== What is needed ==
The copy you return must begin at the line containing "Rumor: Trade rumors" and end at the final line of the listing below, with every picture left out.
[Collected data — start]
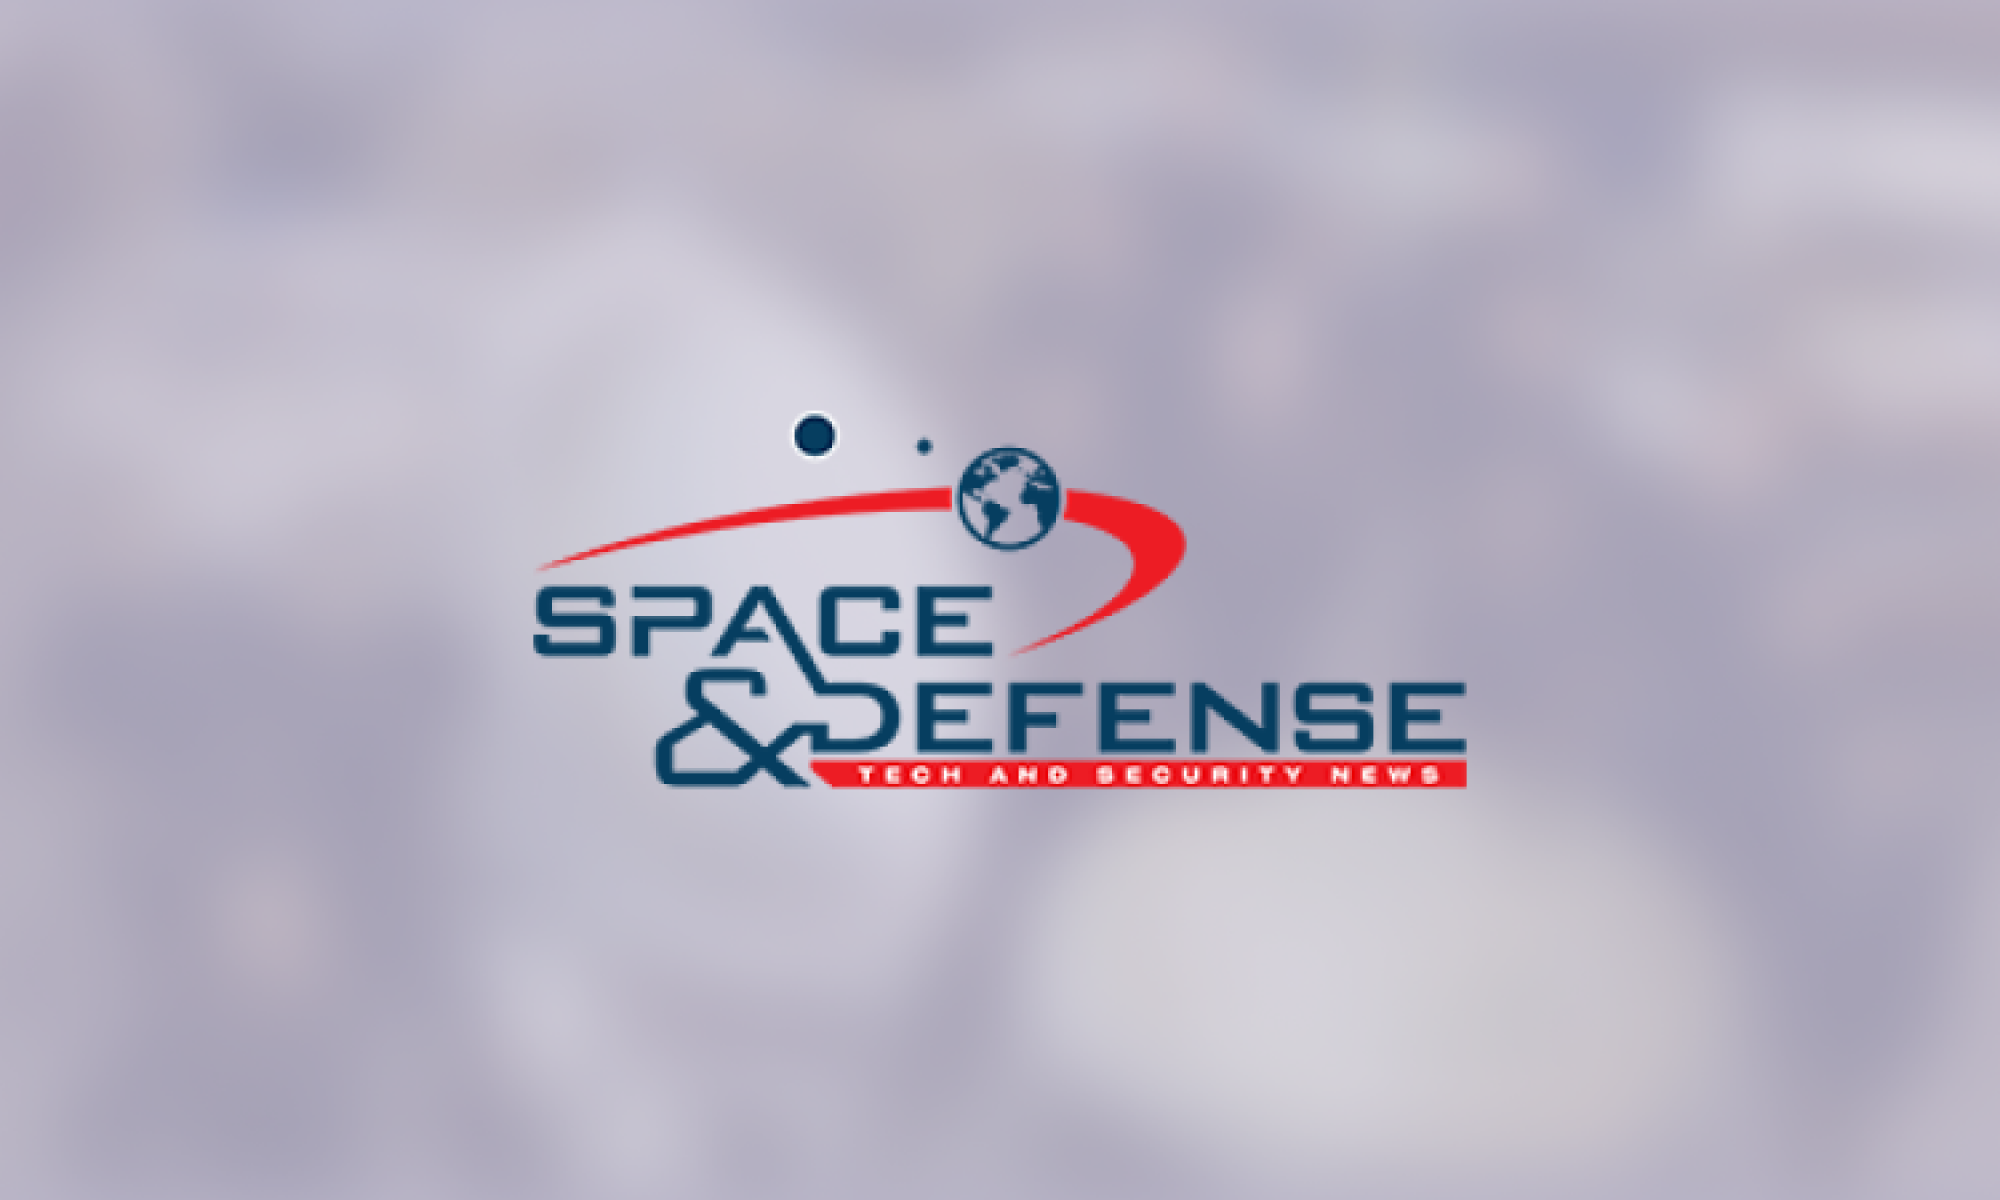 News cover image for Space & Defence
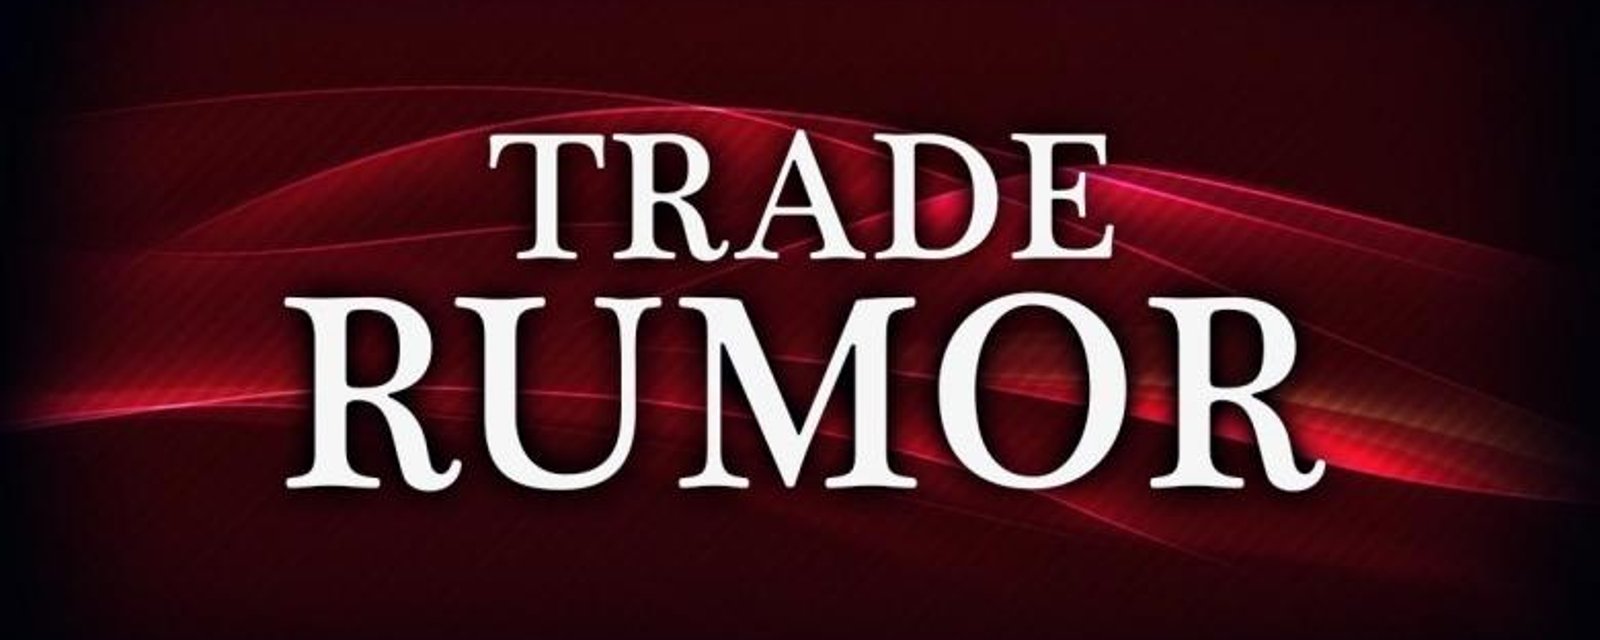 Rumor: Trade rumors fly as things “may get ugly” during arbitration.
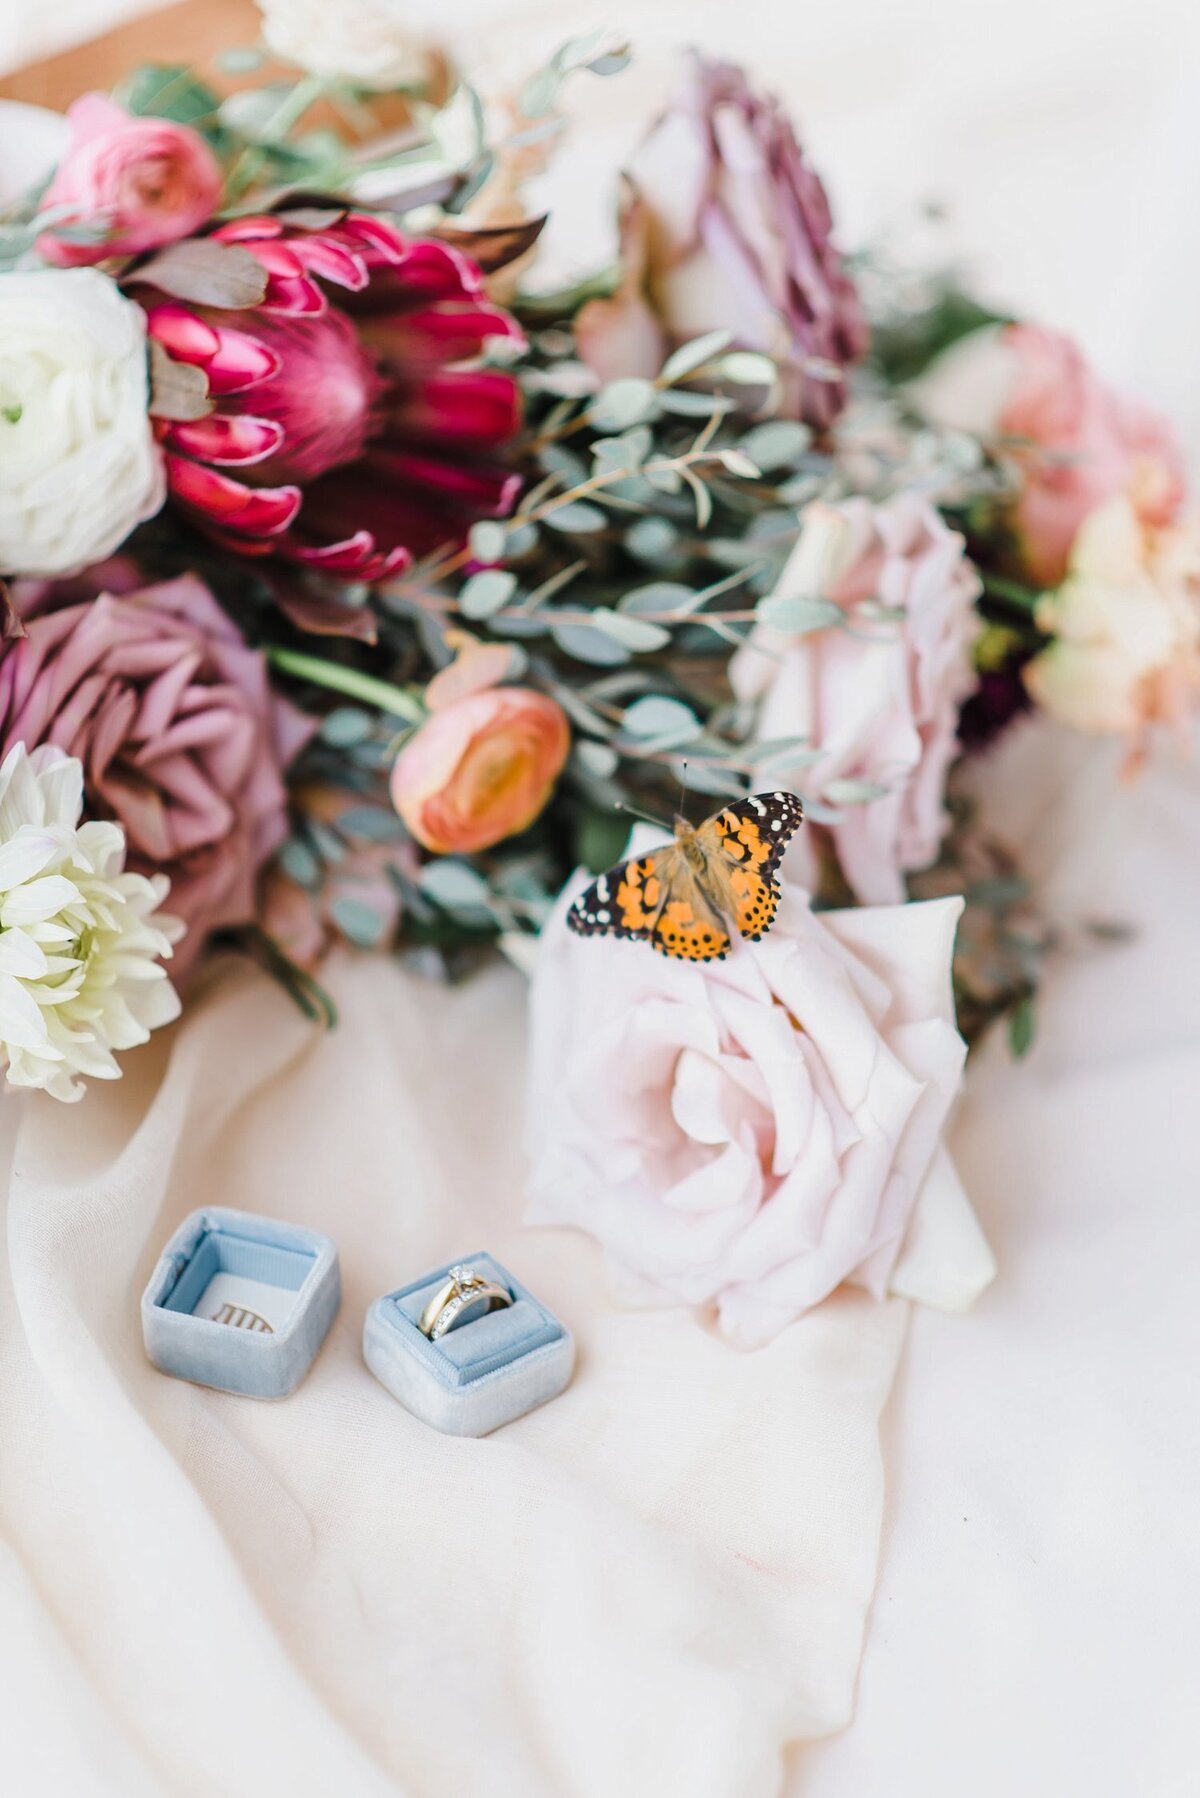 A live monarch butterfly  sits on a rose from a bouquet laying sideways on soft material with a dusty blue ring box and diamond ring laying beside it at a wedding  in Ottawa Ontario
[Collected data — finish]
== Written reply ==
 Rumor: Trade rumors fly as things “may get ugly” during arbitration.
 A live monarch butterfly  sits on a rose from a bouquet laying sideways on soft material with a dusty blue ring box and diamond ring laying beside it at a wedding  in Ottawa Ontario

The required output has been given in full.